Supplied material: Begin

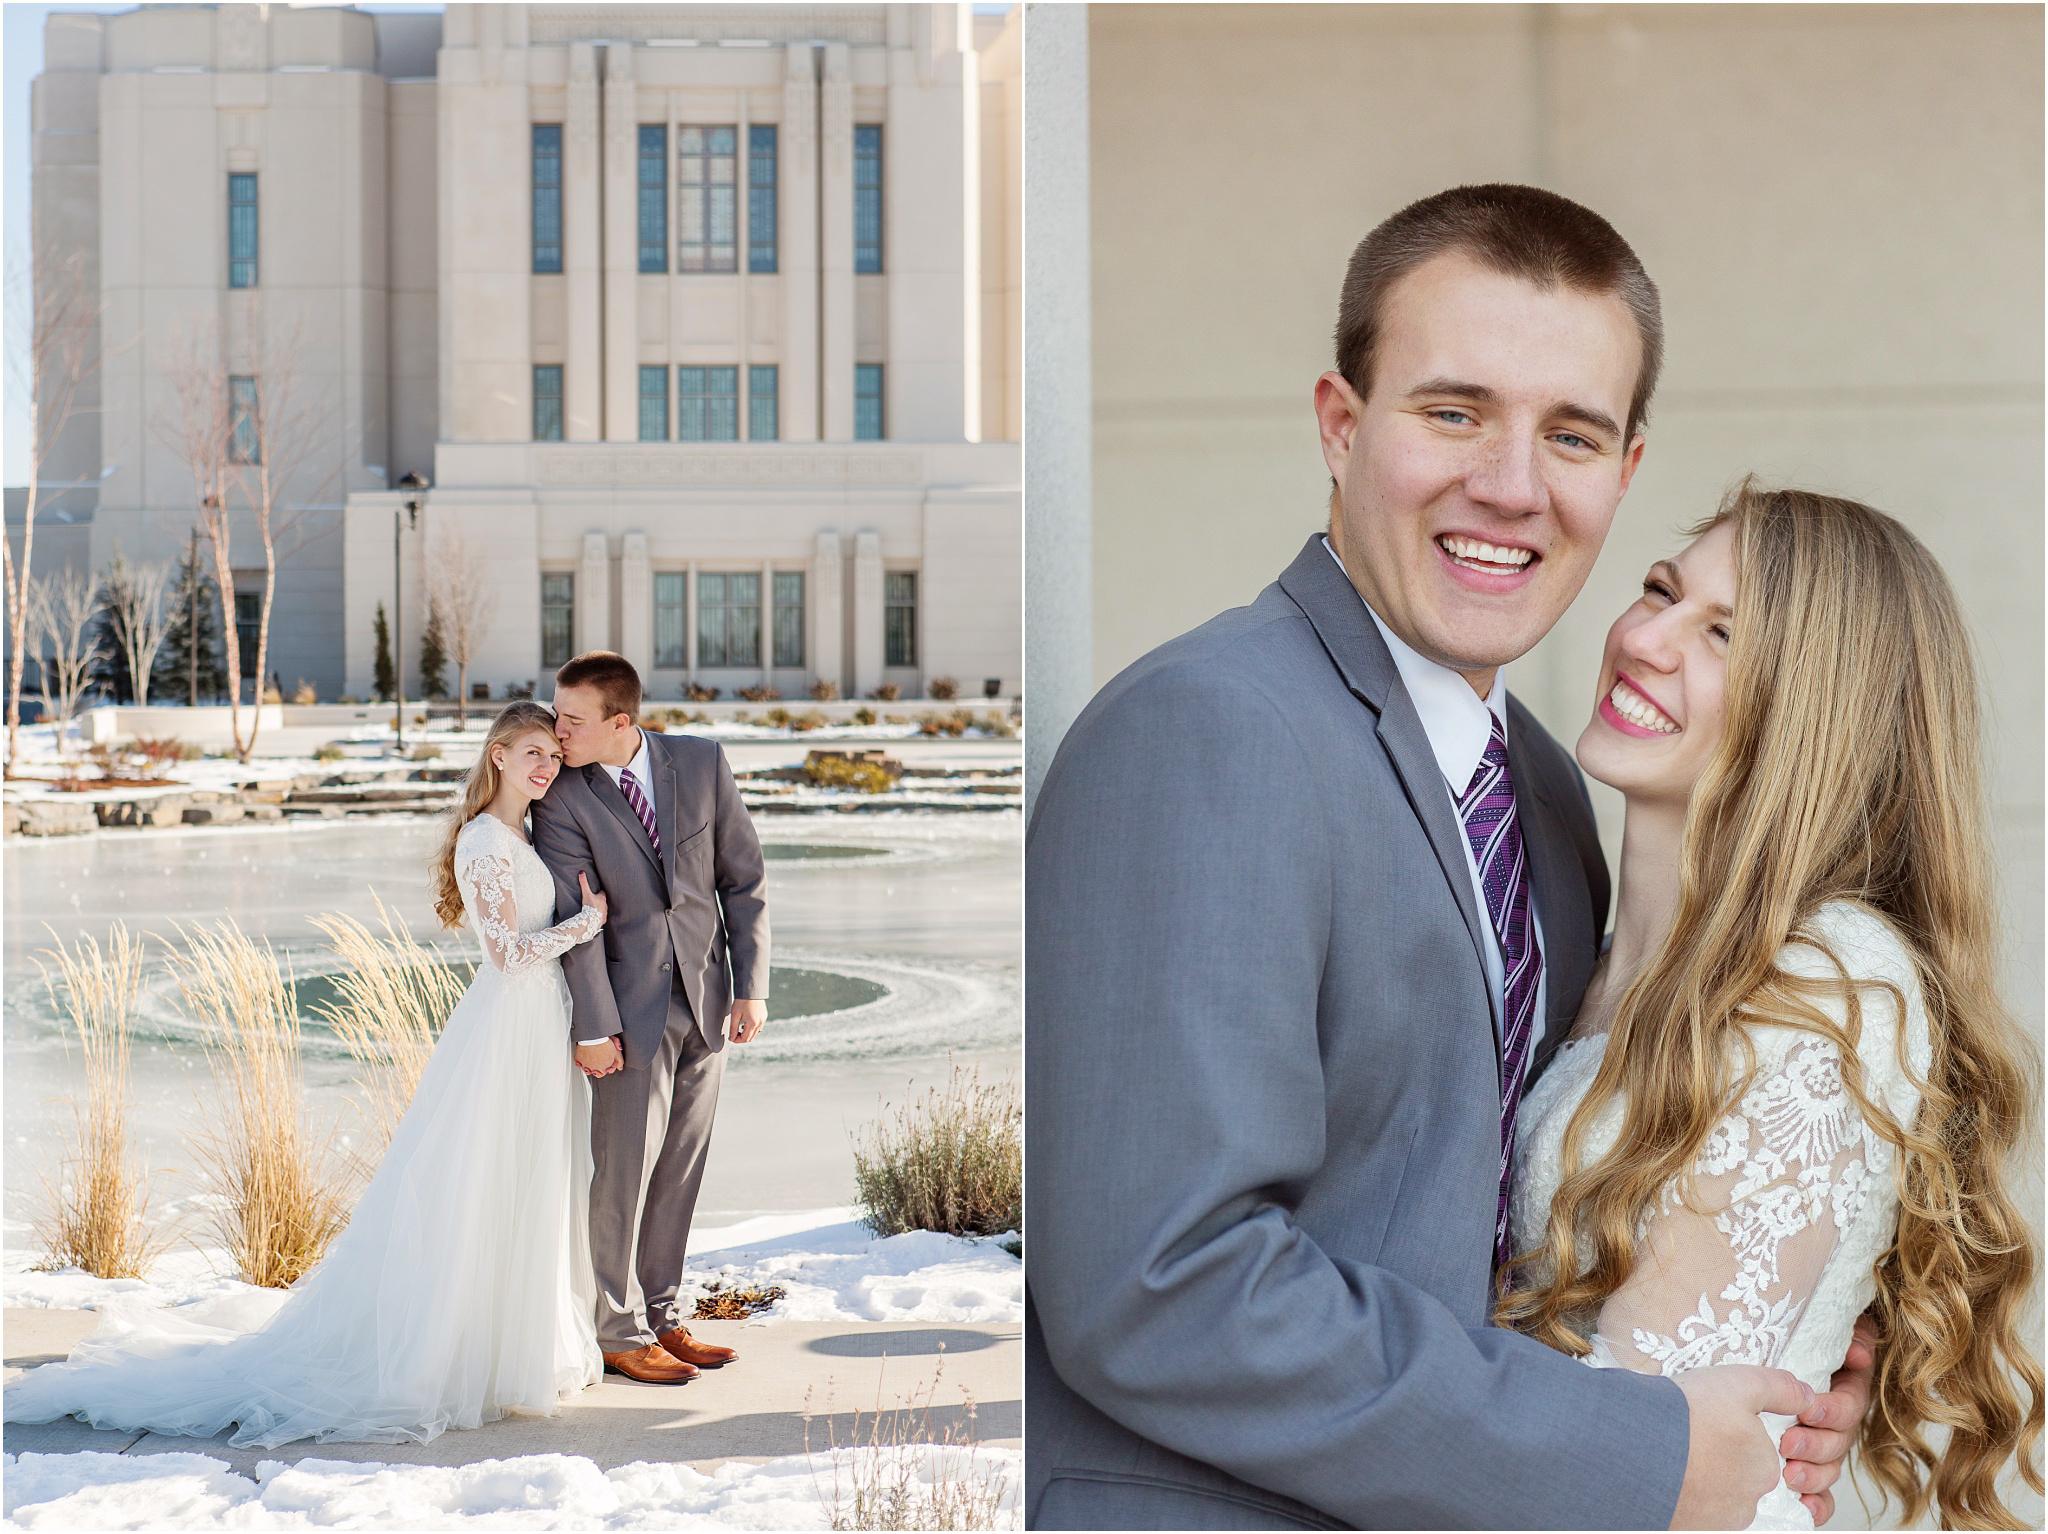 Wedding Photography_Meridian Idaho Temple_Boise Idaho_Leah Southwick Photography_0012.jpg
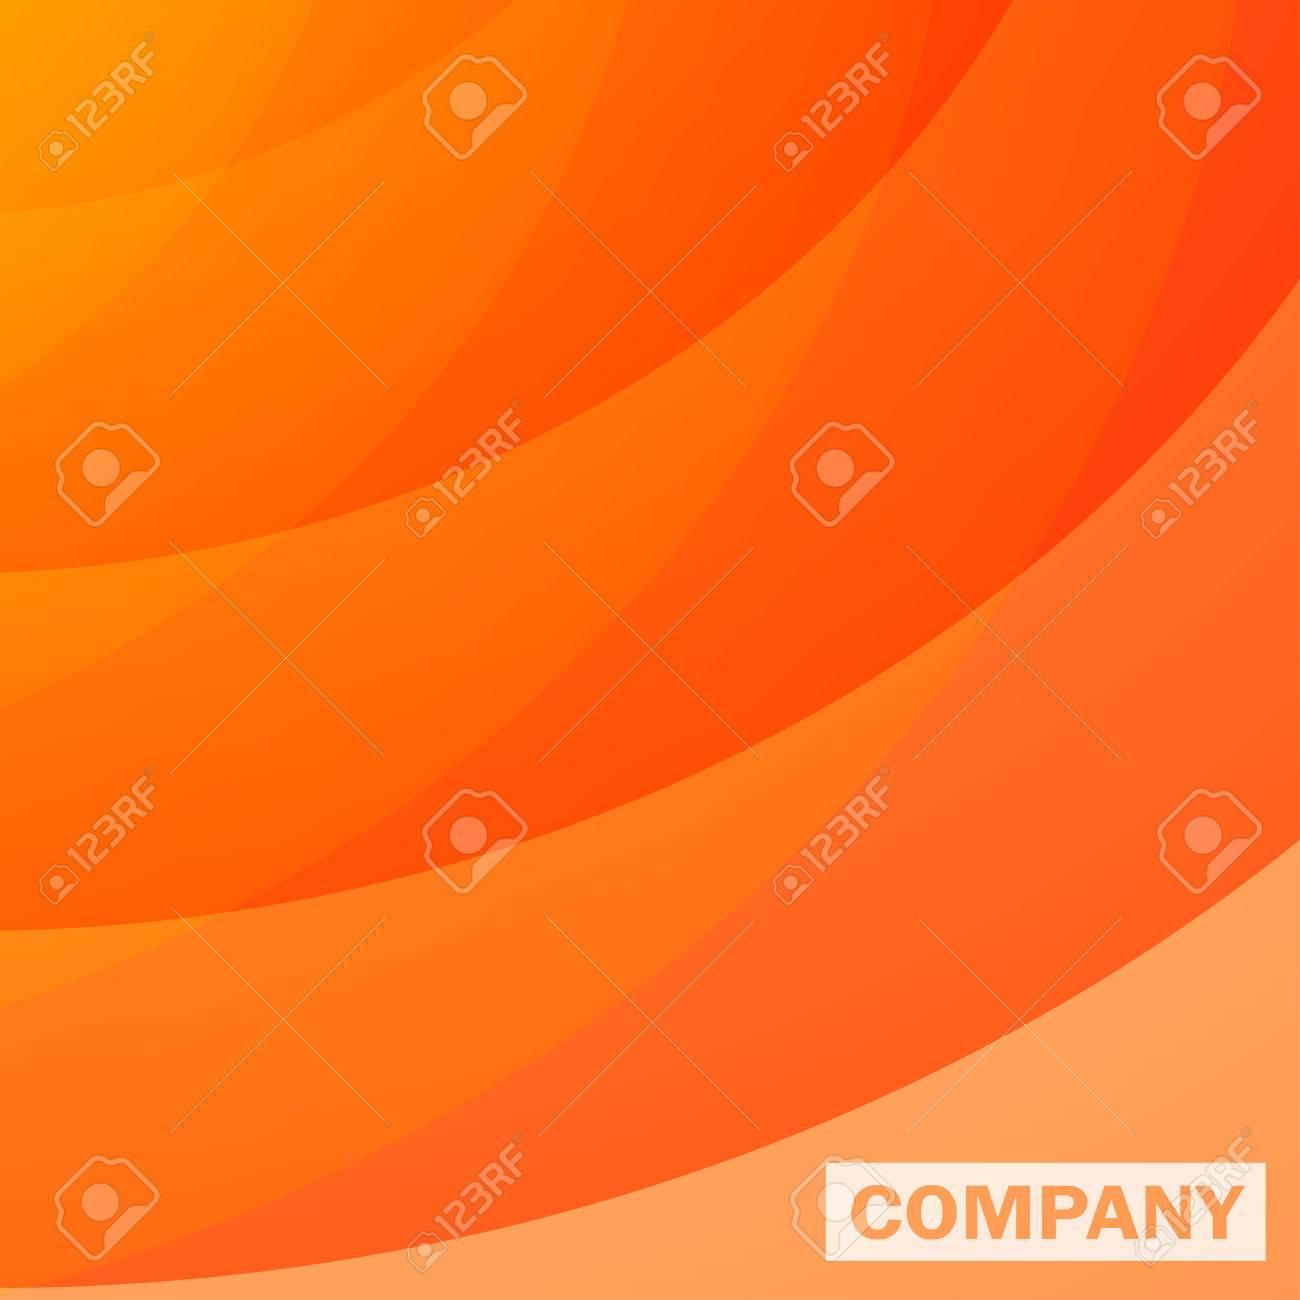 Design Background EPS10 Vector - 51785663
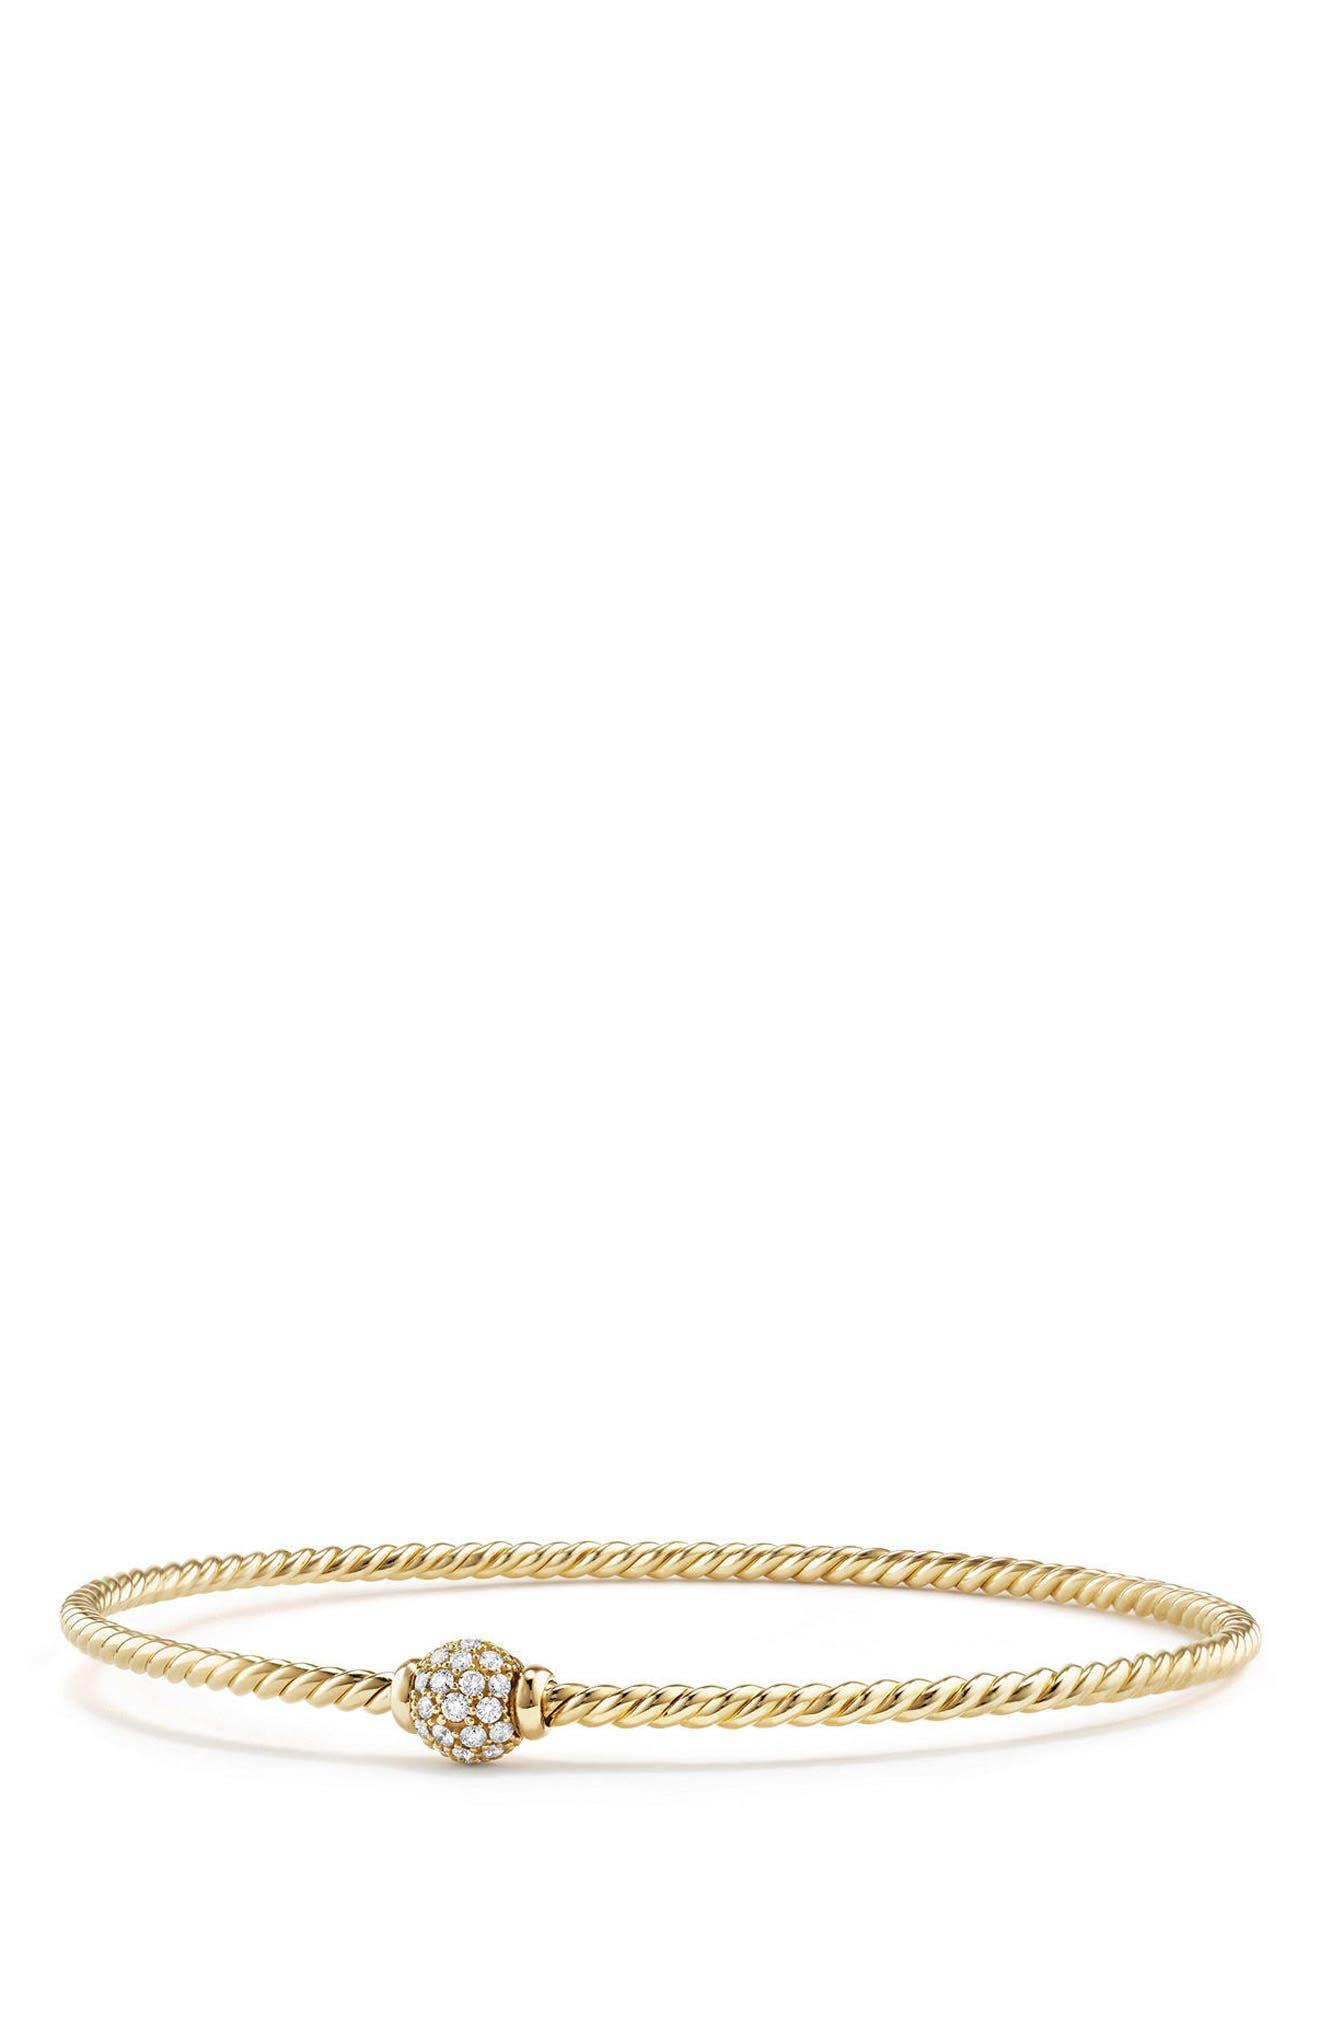 Solari Station Pavé Bracelet with Diamonds in 18K Gold,                             Main thumbnail 1, color,                             YELLOW GOLD/ DIAMOND

Supplied material: End

▶ _Work to be completed_
Repeat the listing word for word, omitting the pictures.

▶ _Your response_
 Wedding Photography_Meridian Idaho Temple_Boise Idaho_Leah Southwick Photography_0012.jpg
 Design Background EPS10 Vector - 51785663
 Solari Station Pavé Bracelet with Diamonds in 18K Gold,                             Main thumbnail 1, color,                             YELLOW GOLD/ DIAMOND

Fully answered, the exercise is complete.